Source material:
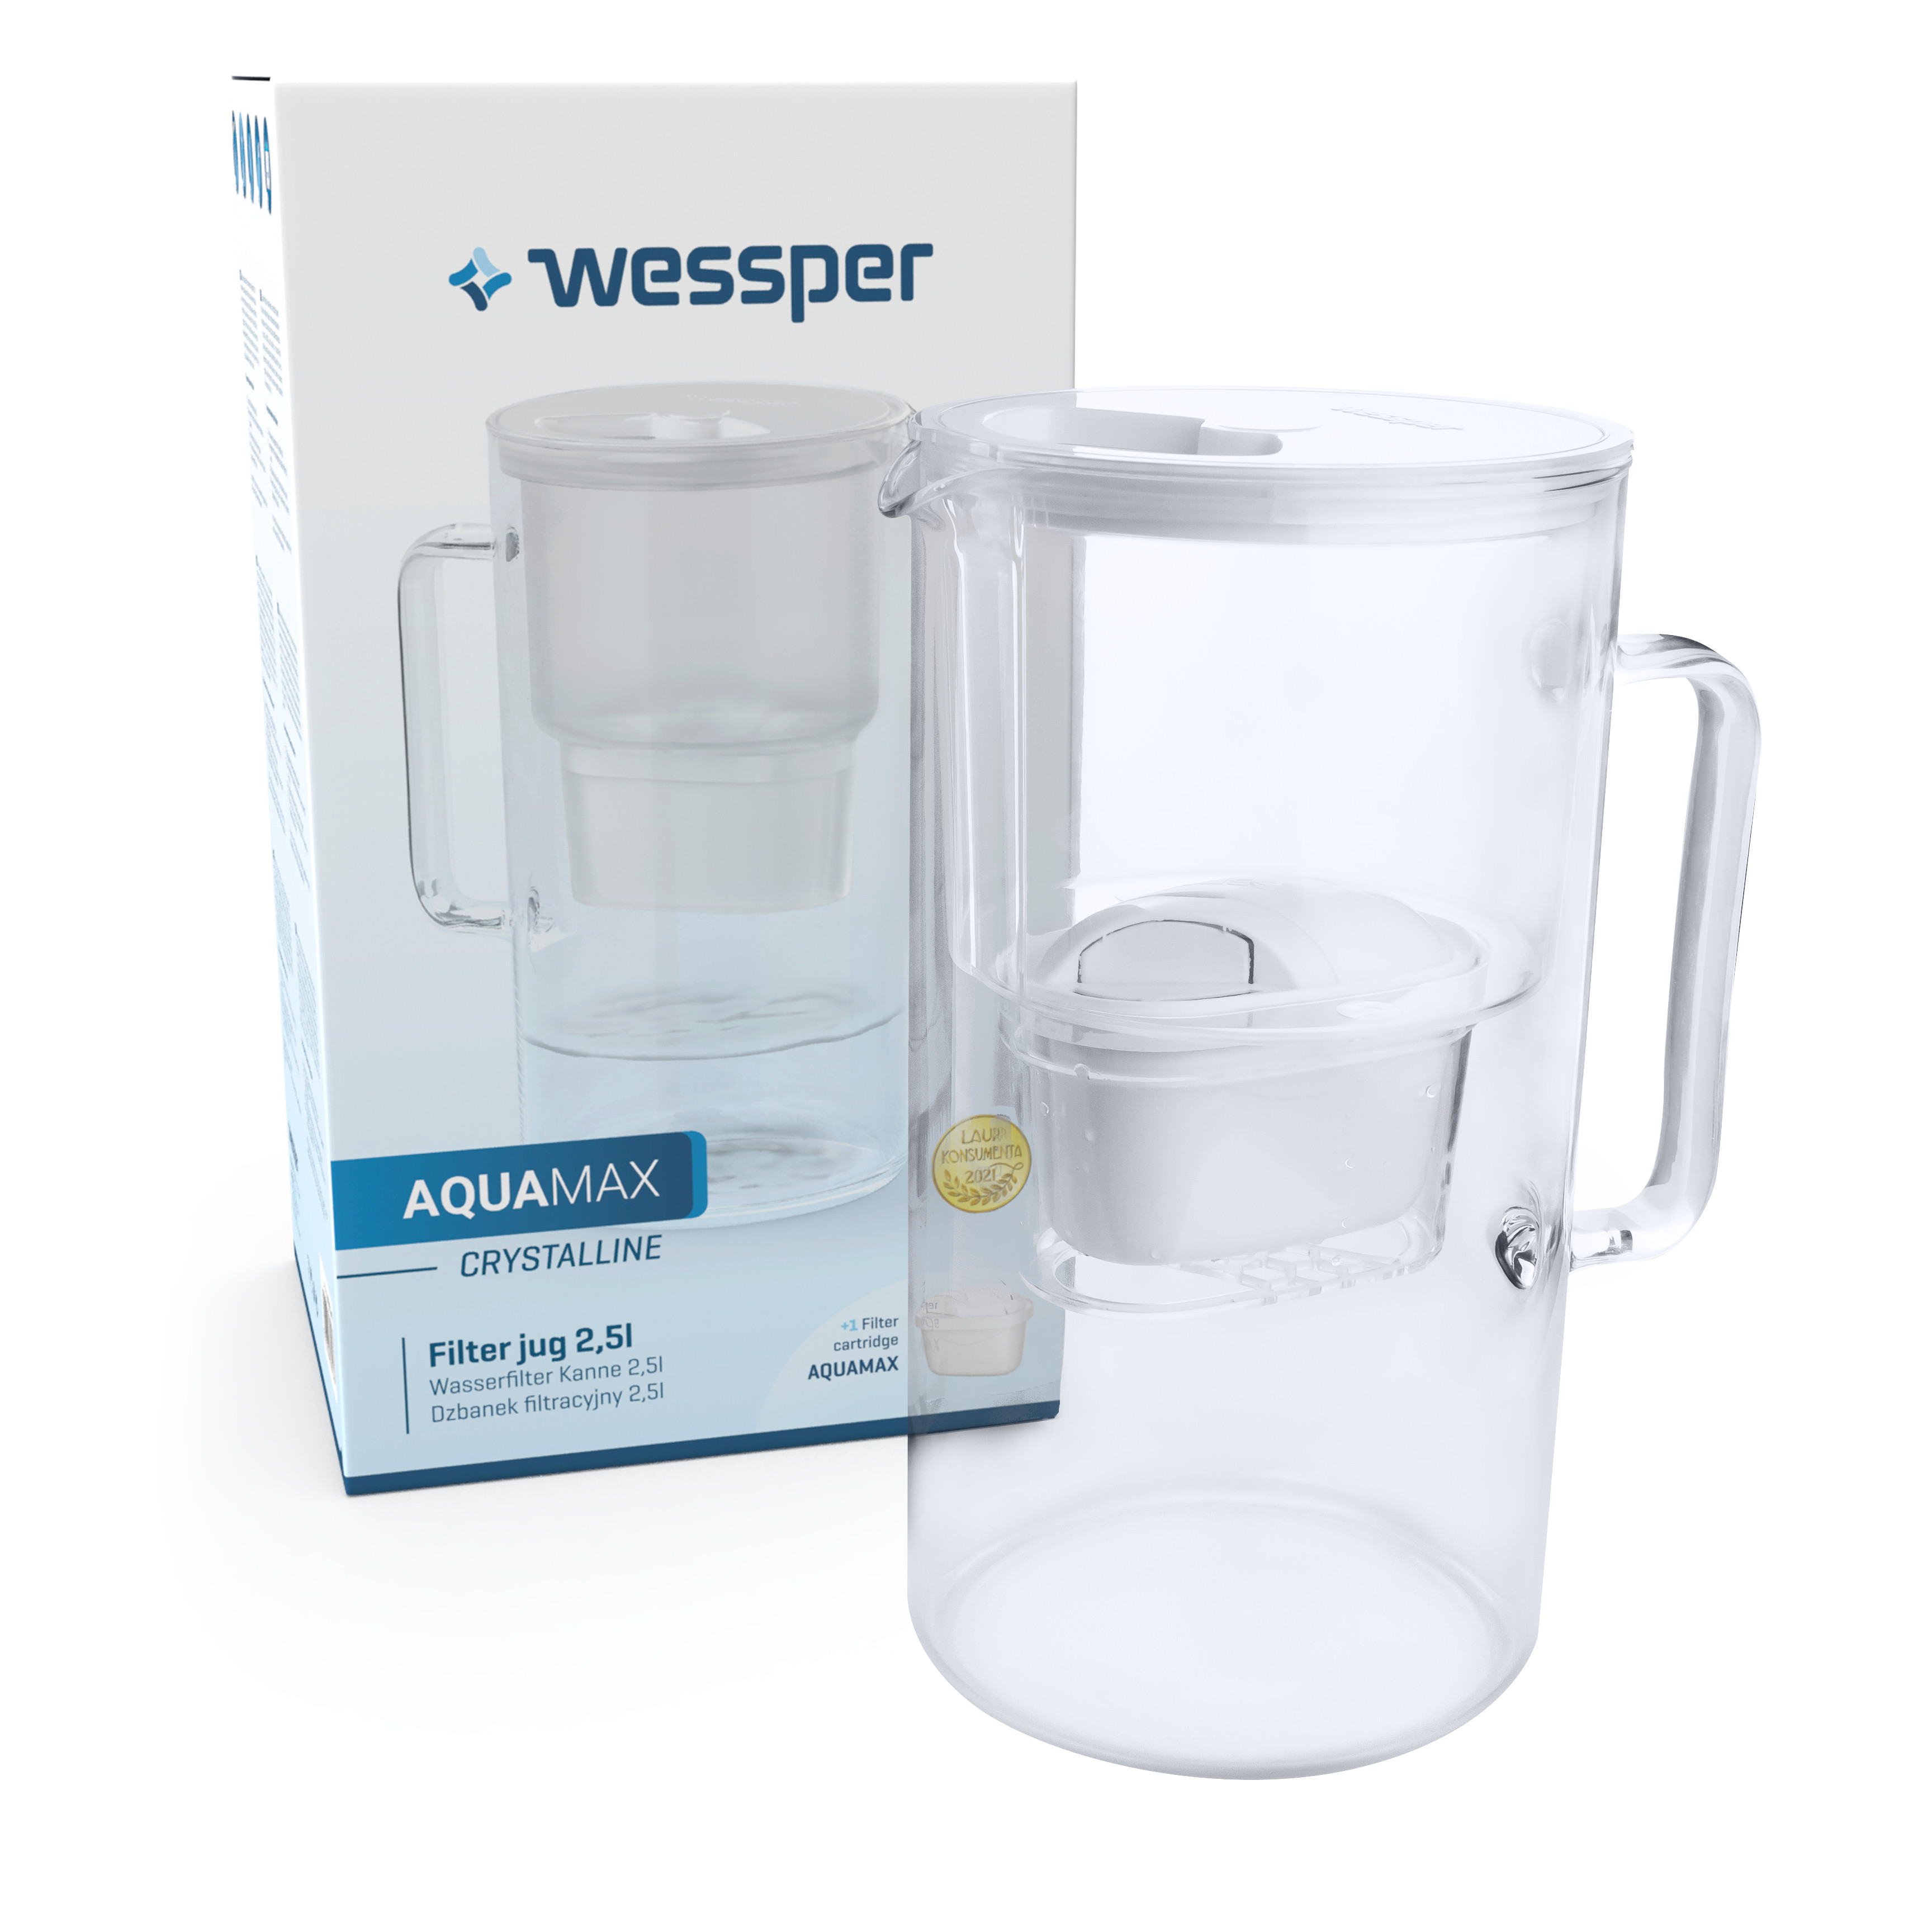 Aquamax Caraffa filtro acqua Wessper AquaMax Crystalline 2,5 l e filtro 
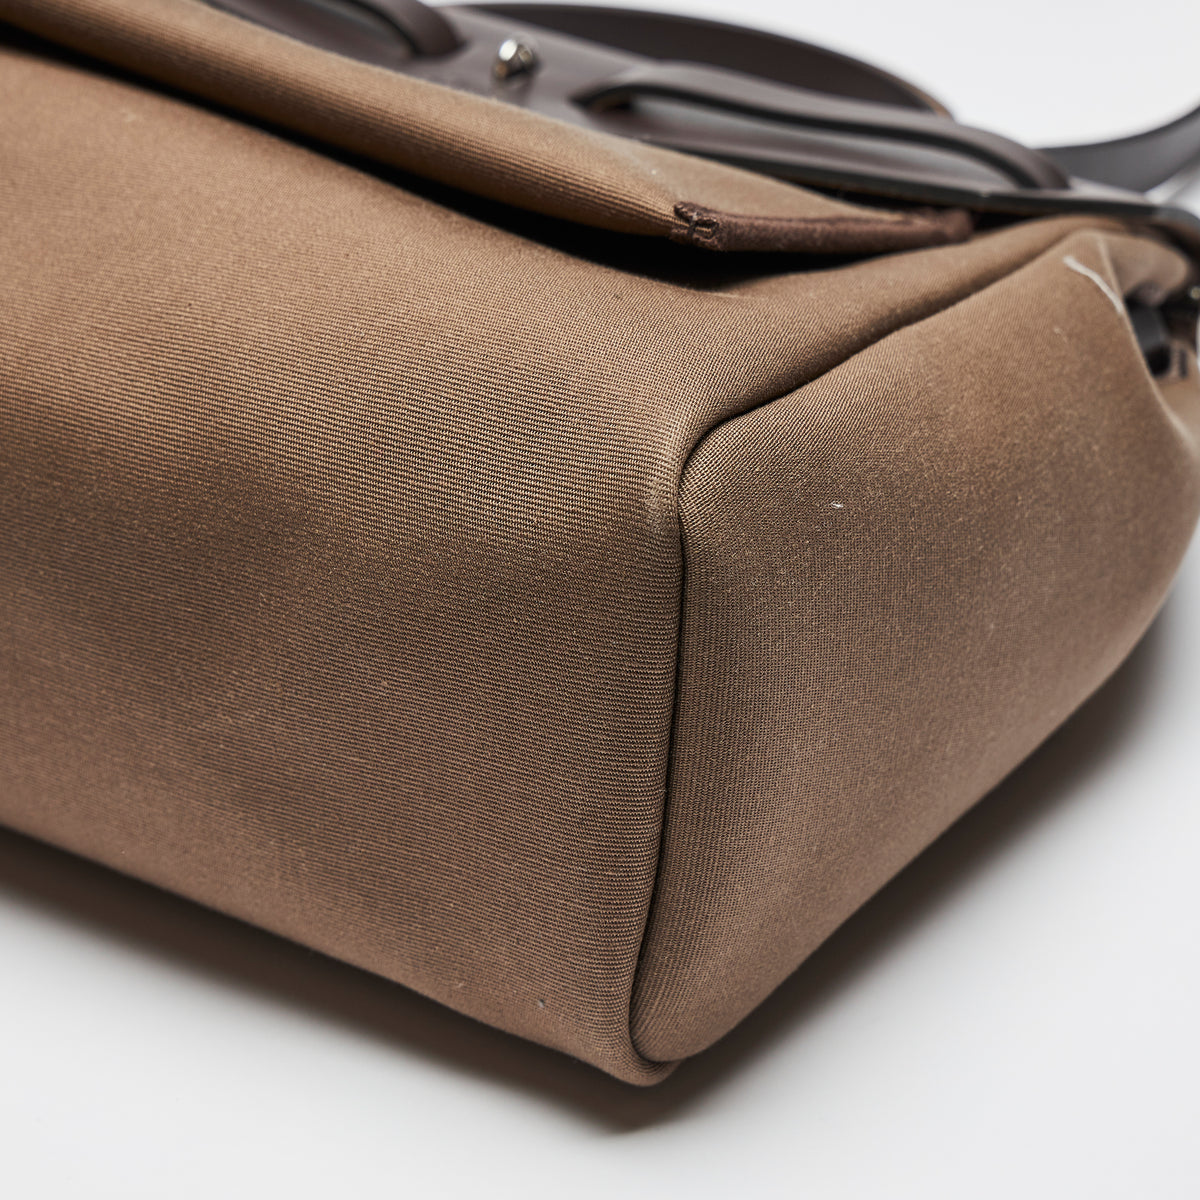 Excellent Pre-Loved Brown Canvas Top Handle Flap Bag with Shoulder Strap. (croner)
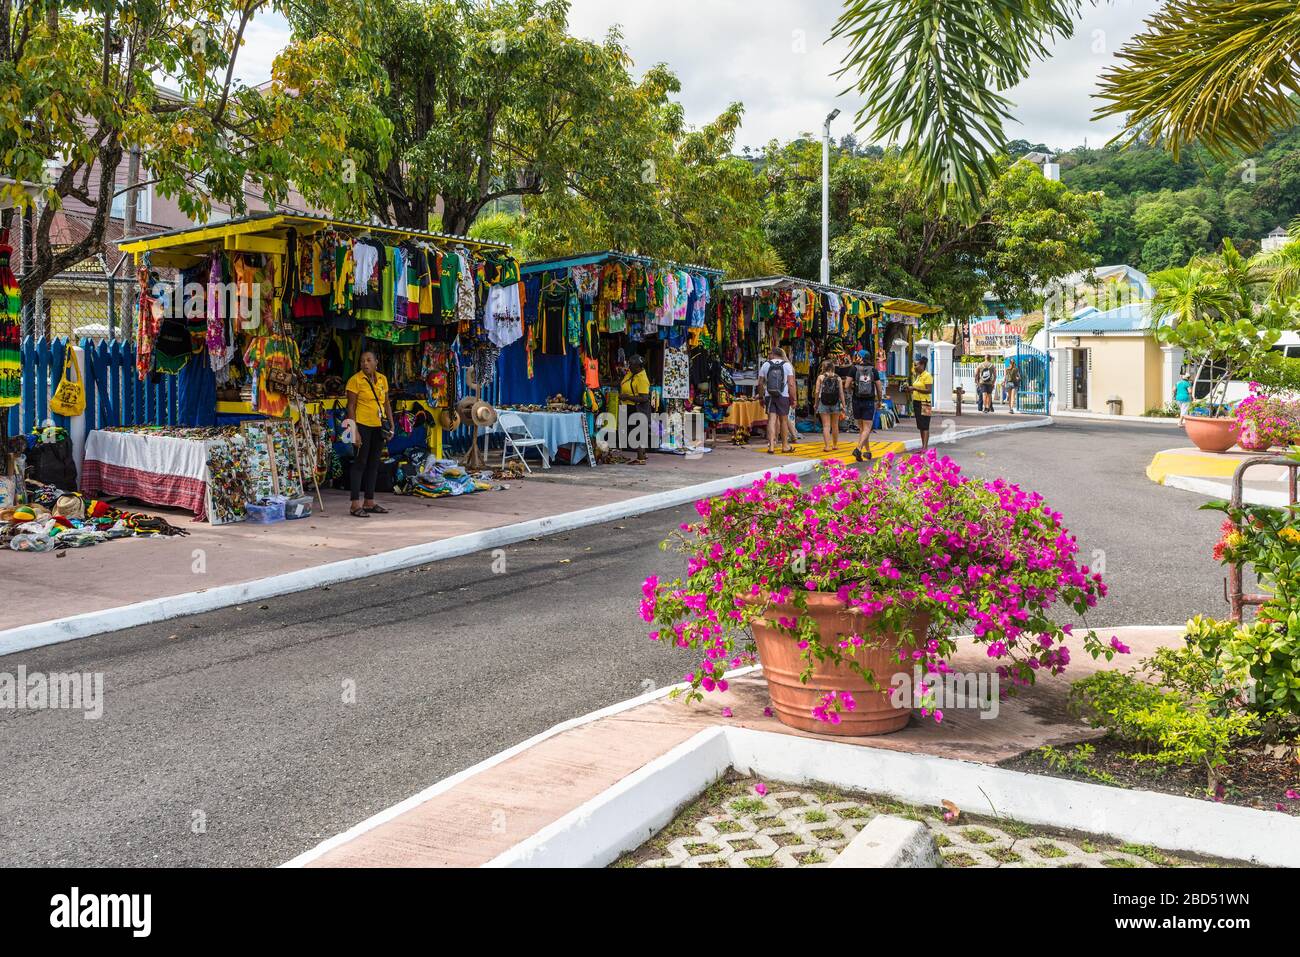 Ocho Rios, Jamaica - April 22, 2019: Souvenir street market in the tropical Caribbean island of Ocho Rios, Jamaica. Flowerbed in the foreground. Stock Photo

Task to complete:
Reprint the listing above verbatim but drop the images.

Reply:
 Aquamax Caraffa filtro acqua Wessper AquaMax Crystalline 2,5 l e filtro 
 Excellent Pre-Loved Brown Canvas Top Handle Flap Bag with Shoulder Strap. (croner)
 Ocho Rios, Jamaica - April 22, 2019: Souvenir street market in the tropical Caribbean island of Ocho Rios, Jamaica. Flowerbed in the foreground. Stock Photo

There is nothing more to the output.